Mobil LCGC sudah seharusnya menggunakan bensin beroktan 92, tapi pengguna mobil murah dan ramah lingkungan (LCGC) ternyata banyak yang menggunakan bahan bakar minyak (BBM) bersubsidi sebuah fenomena yang tidak bisa dihindari. Padahal pada dasarnya, mobil LCGC dibuat dengan teknologi irit bahan bakar dan tidak cocok menggunakan BBM bersubsidi.

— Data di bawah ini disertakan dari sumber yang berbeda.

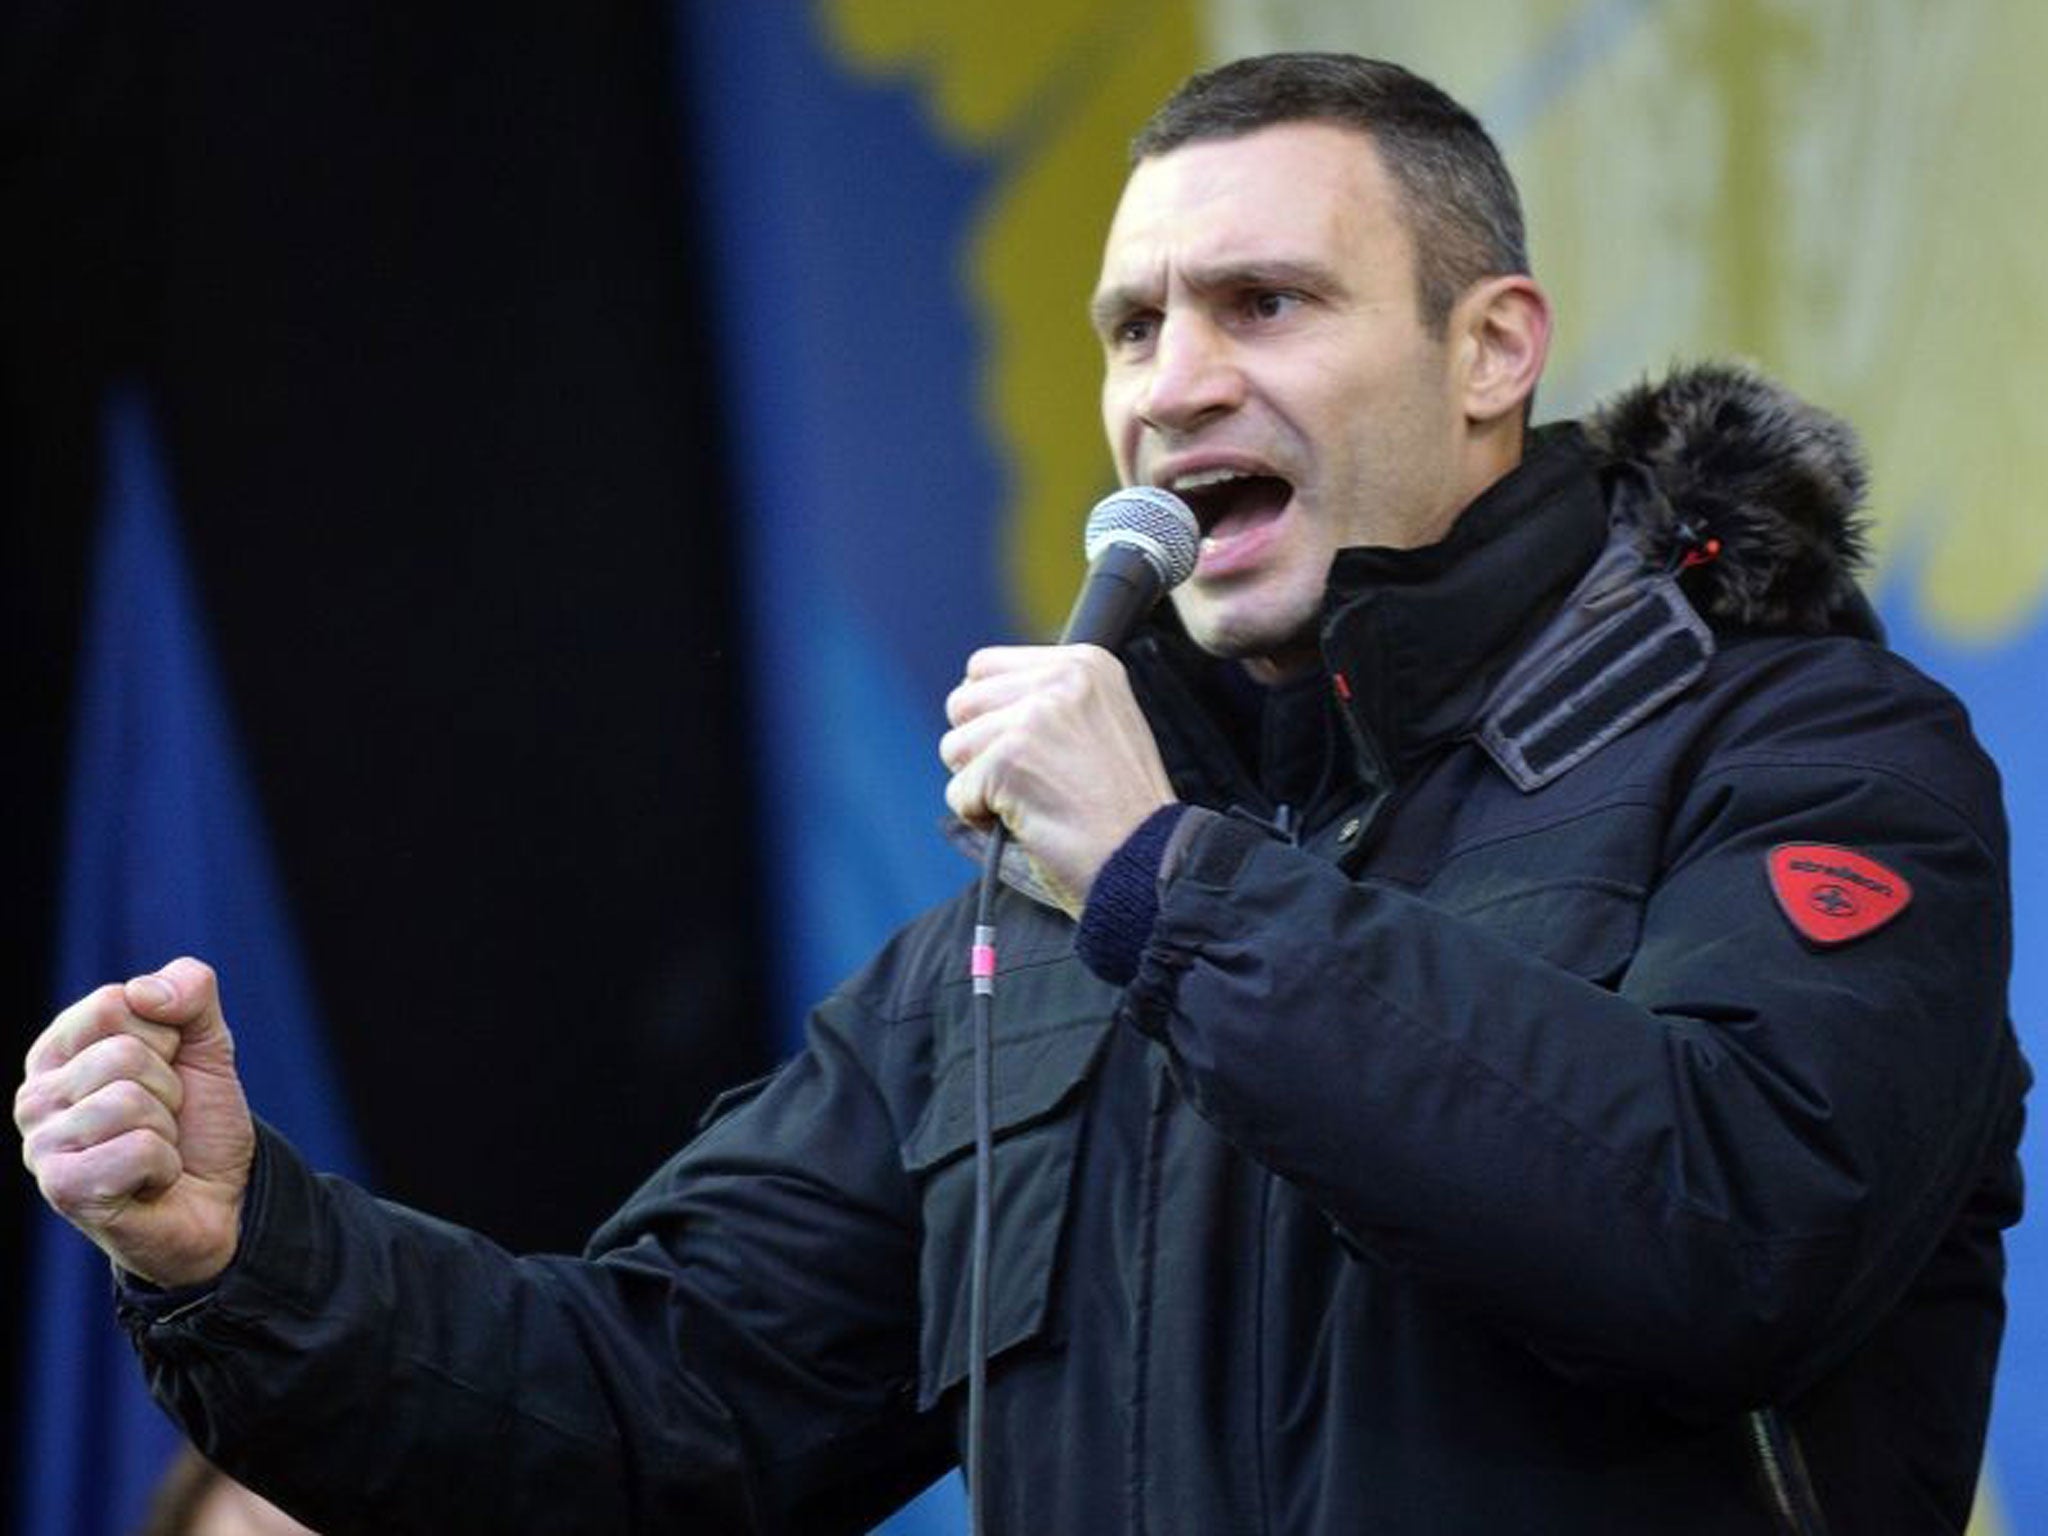 Champion’s cause: Vitali Klitschko is challenging Ukraine’s president

Mobil LCGC menggunakan bensin RON 91 dan 92. Tapi kalau konsumen isi RON 88 secara performa turun. Pabrikan akan memberikan sanksi garansi hangus kepada para pengguna LCGC yang membeli BBM bersubsidi untuk kendaraanya. Selain itu dengan menggunakan BBM bersubsidi, konsumen harus menghadapi risiko daya tahan mesin berkurang.

Nahh… saat ini pemerintah tengah menggodok peraturan yang membuat lubang masuk bensin pada mobil LCGC lebih kecil dibanding dengan mobil lainnya. Hidayat mengatakan pihak Pertamina ataupun Gaikindo sebagai produsen mobil siap melakukan aturan ini. Hanya saja membutuhkan waktu sekitar 3 bulan untuk merealisasikannya di lapangan.”Butuh waktu 3 bulan (untuk menjalankan), Bu Karen juga mau bertemu dengan Hiswana Migas juga, karena SPBU bukan semuanya punya Pertamina. Jadi pada prinsipnya oke semua,” kata Hidayat ditemui di kantornya, Jl Gatot Subroto, Jakarta, Kamis (17/4/2014).

Nah, mobil-mobil LCGC edisi terbaru yang dibuat setelah undang-undang atau aturan baru ini berlaku, siap siap saja harus memakai BBM non subsidi di SPBU. Tujuannya ketika aturan ini berlaku, pengendara mobil murah tak bisa mengisi BBM subsidi di SPBU karena nozzle tak muat dengan lubang pengisian BBM.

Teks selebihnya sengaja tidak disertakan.